Negation und Umgangssprache

Ob das logische „nicht“ mit dem umgangssprachlichen „nicht“ identisch ist, wird unterschiedlich beurteilt[12].

In der deutschen Sprache wird die Negation eines Satzes z.B. mit den Wörtern „nicht“, „kein“, „niemand“, „niemals“, „nirgends“, mit Hilfe bestimmter Vor- oder Nachsilben („un-„, „-los“) oder mit Hilfe von Wendungen „Es ist nicht der Fall, dass ...“ oder „Es ist nicht wahr, dass ...“ gebildet.“[13].

Bei der Negation umgangssprachlicher Ausdrücken ist Vorsicht geboten. Die Negation von „immer“ ist logisch nicht „niemals“, sondern „manchmal nicht“[14]. Die Negation von „jeder“ ist nicht „keiner“, sondern „nicht jeder“, „mancher nicht“[15]

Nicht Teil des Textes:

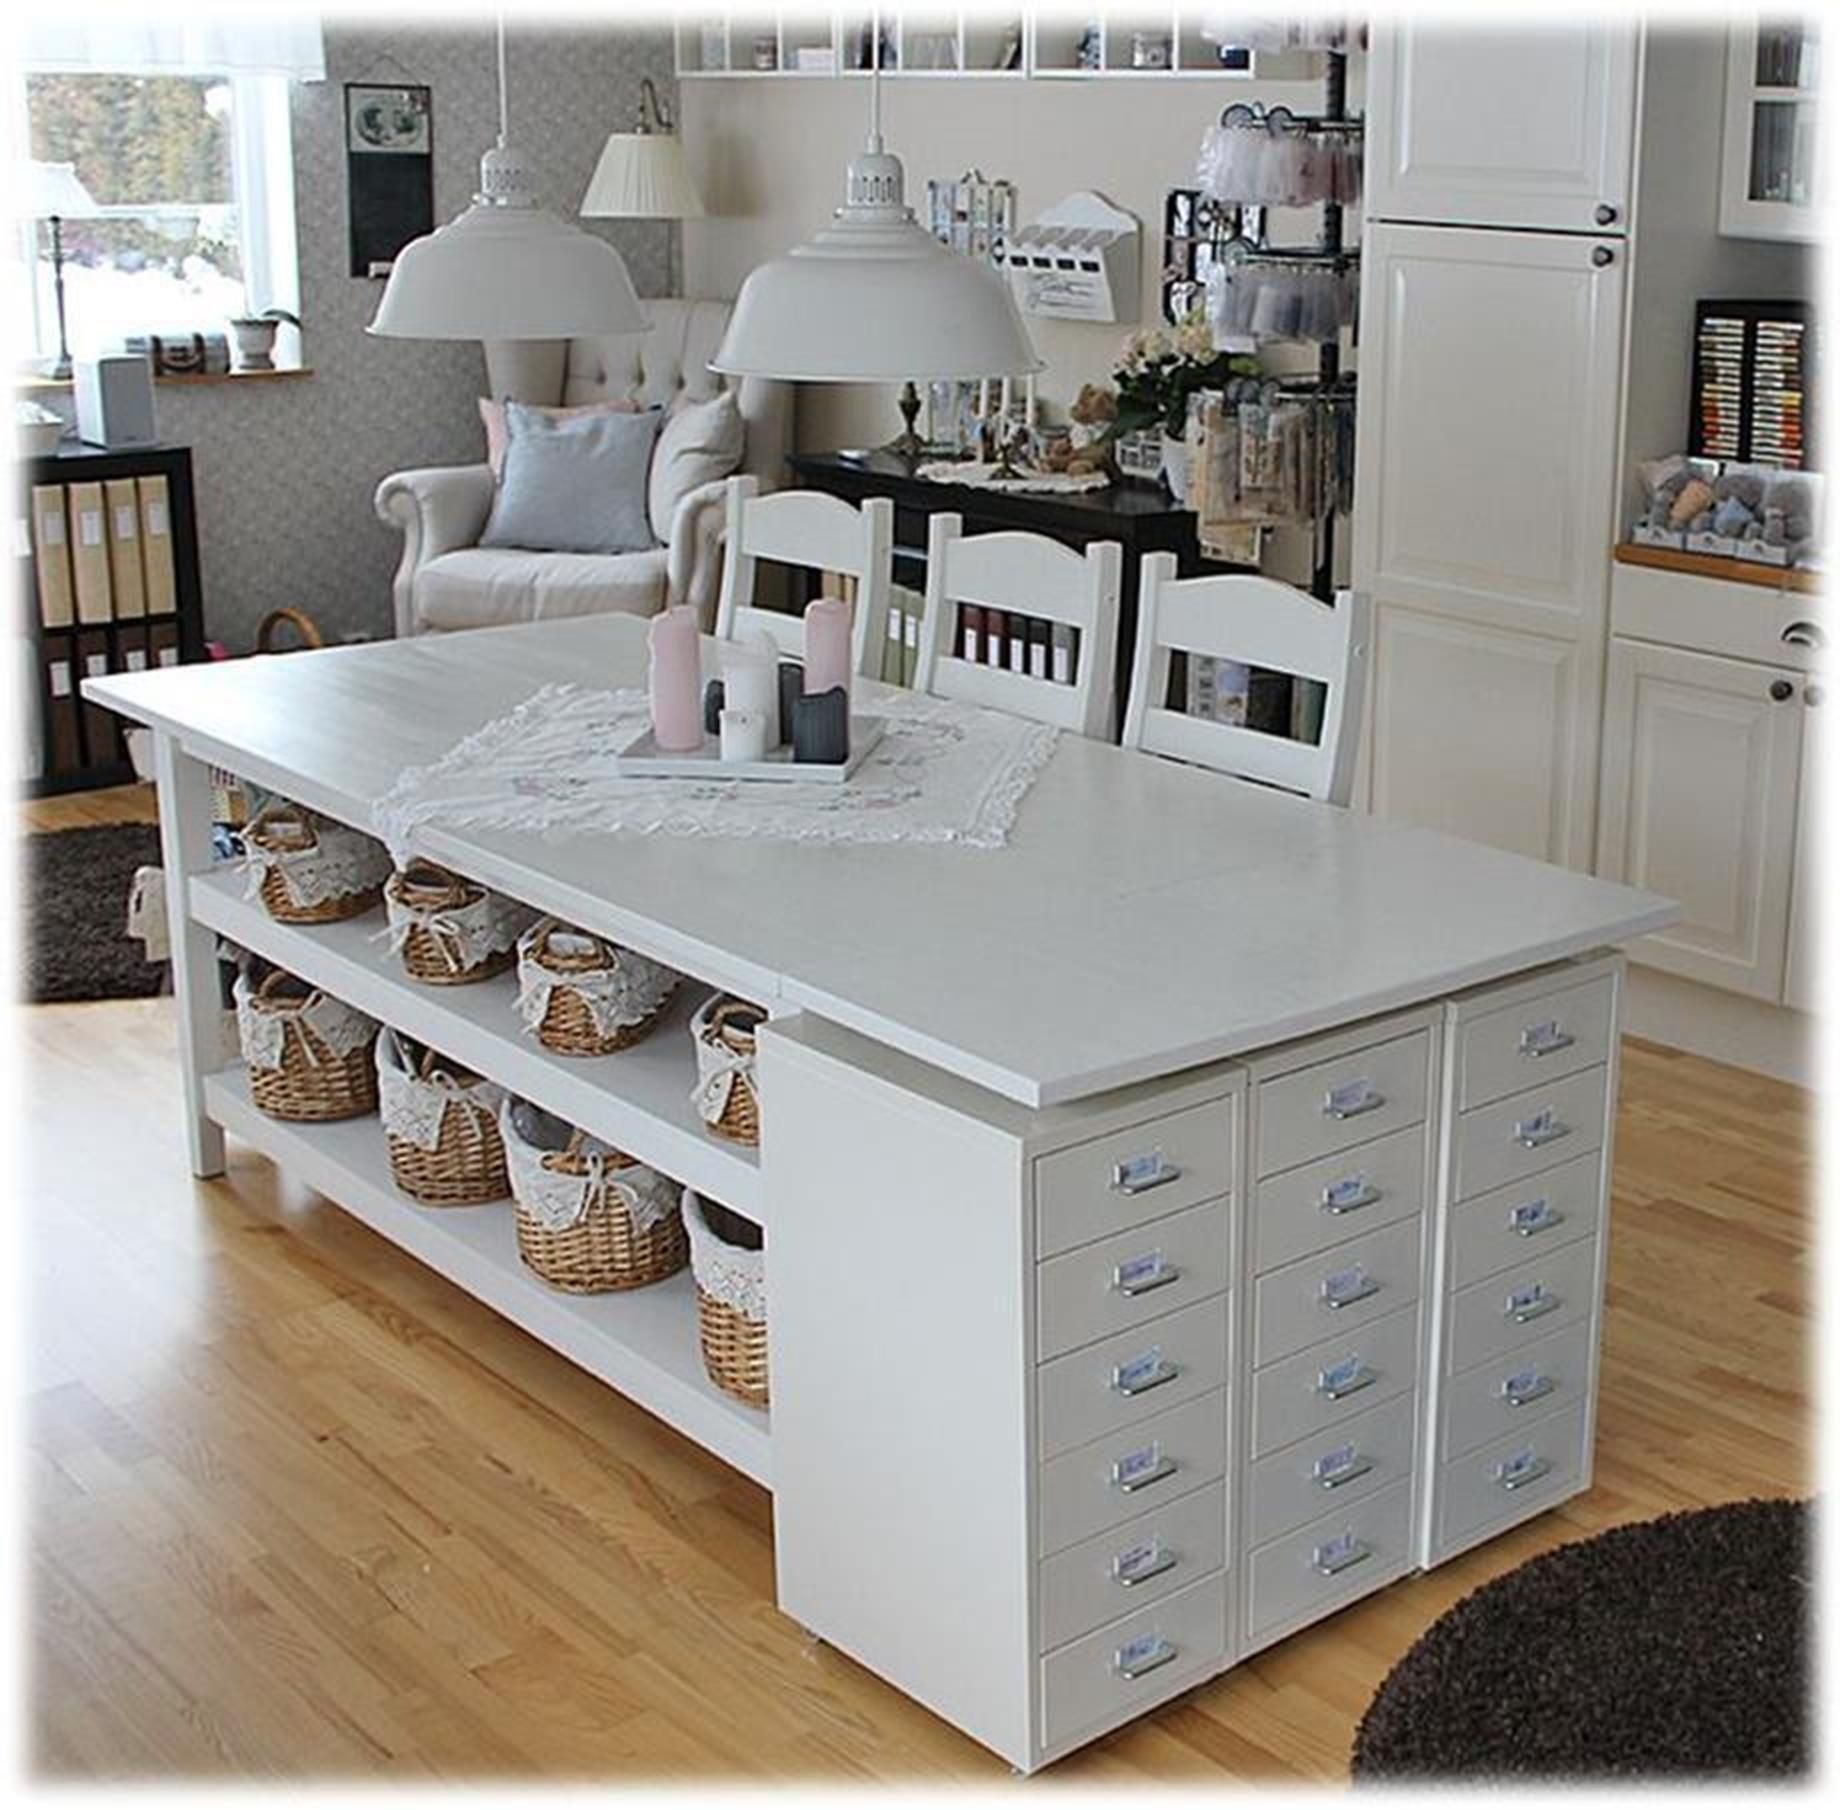 20 Best Craft Room Storage And Organization Furniture Ideas 16 Craft Tables With Storage Craft Room Design Craft Room Storage

Beispiel[16]: p Olga verließ schweigend die Bar.

(a) Nicht Olga verließ schweigend die Bar.

(b) Olga verließ nicht die Bar schweigend.

(c) Olga verließ die Bar nicht schweigend.

¬ p Es ist nicht der Fall, dass Olga schweigend die Bar verließ.,

Ein Satz der Gestalt „Weder A noch B“ hat die logische Form einer Konjunktion von Negationen, nämlich „¬ A \wedge ¬ B“[17]

Die natürlichsprachliche doppelte Negation ist von der logischen doppelten Negation zu unterscheiden. Dies kann von Sprache zu Sprache unterschiedlich sein. Im Spanischen ist die doppelte Verneinung eine betonte Verneinung. Im Deutschen gilt i.d.R. eine doppelte Verneinung als Bejahung. In verneinender Funktion nur in älterer Sprache (Beispiel: „Er nimmt an nichts keinen Anteil!“[18]

Negation im Sinne der philosophischen Dialektik (Hegels)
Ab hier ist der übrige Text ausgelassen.